Lang Doc Ethics & AI - looking for case studies

We’re adding an extra day on ethics in our Methods in Lang Doc class to discuss how these issues may change in the context of the AI resurgence, E.g. if industry is interested in expanding to low-resource languages, making archival data possibly commercially valuable, (how) should informed consent forms be adjusted? To stimulate discussion I want to give the student some case studies where language documentation data took on a new value or was used in unexpected ways, perhaps to build a language technology for a community that cost money (either sold for profit or to cover the cost of ongoing tech support). I have 1-2 based on issues I’ve encountered or been asked about and I have some realistic situations that I plan to imagine up as a case study. I would love, however, to give some real life case studies.

Does anyone have stories, questions, issues, surprises, or struggles related to language documentation data and technology (data science, AI, language technology) and ethical fieldwork (informed consent, access, copyright, sensitivity, politics, etc.) that they would be willing to share with me? This week, if possible! :slight_smile:

Post here or send me via email: smoeller@ufl.edu (I will anonymize everything).

1 Like

You could check out my paper on rights beyond copyrights… I address some of these issues and others… with AI the legal claim is that copyright limits don’t apply to the models created through Machine Learning. If the materials are Open Access by the OA definition then there is an implied use license even if in copyright and no explicit use license is declared. On Rights Management in Anthropological and Linguistic Sound Collections | Hugh's Curriculum Vitae

Thanks! I had not heard about the legal claim, but it makes sense. This is the sort of thing I was thinking about - that AI does not need to use the data in the same way as a linguist might, so how does/should that change best ethical practices? They can access the data for training a model but the data doesn’t need to be “seen” by anyone. That is, no sensitive information will be shared publicly. Instead, word counts may be gathered and then essentially thrown away once the language technology is trained. But the texts are still floating around outside the archive for awhile, so should archives have a new designation of access rights so that language technology can be developed and possibly benefit the community? On the other hand, companies may make money by selling the technology, so should they be required to pay for using the data? How is that different from academics who “only” advancing their career by using the data? What about computational linguists who develop methods that make AI accessible to low-resource languages but by doing so, also open the door for commercial exploitation of documentary data?

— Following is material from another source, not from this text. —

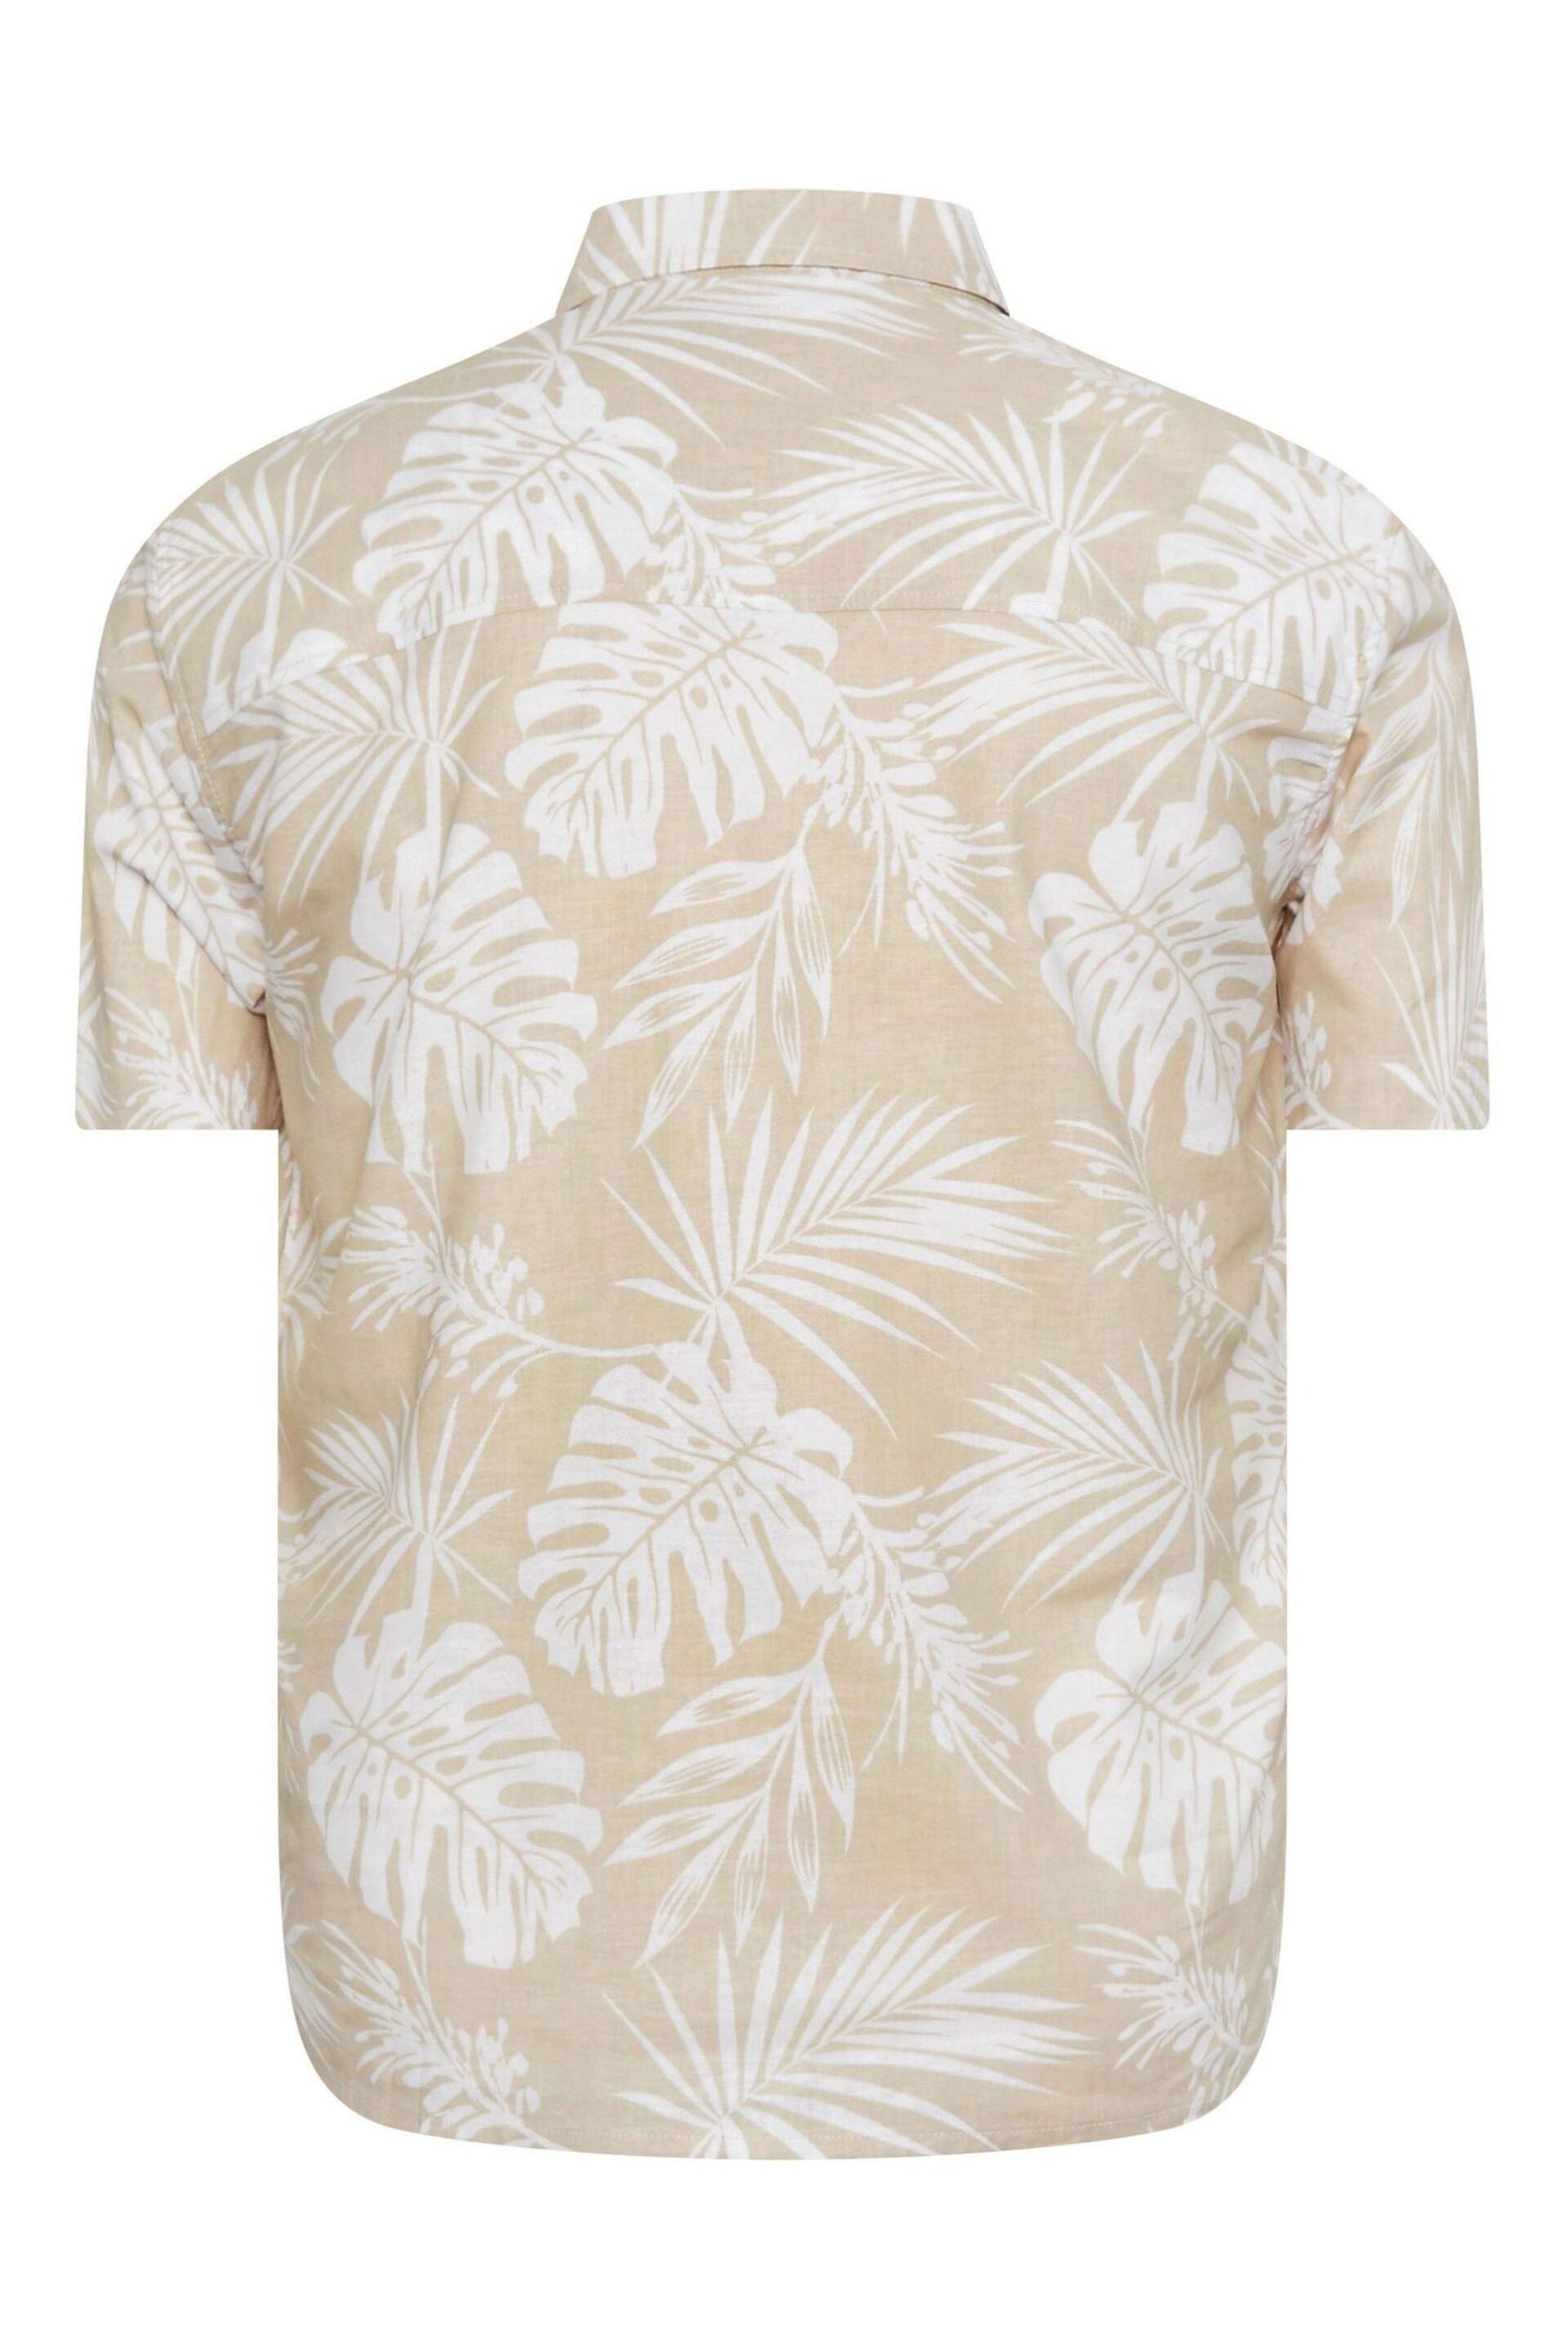 BadRhino Big & Tall Natural BadRhino Neutral Brown Premium Tropical Print Short Sleeve Linen Shirt - Image 4 of 4

Those are the kind of questions I want my students to ask themselves…

Carefully consider the weight of the implications of one’s actions… consider carefully the difference between ethics, morals, and legal obligations. Consider Oppenheimer’s reaction here. And its commentary here. As a scientist he helped make the modern era.

He quotes:

Now I am become Death, the destroyer of worlds

Then there is Paul Newman the lawyer and linguist who quotes here:

I have met the enemy and it is us.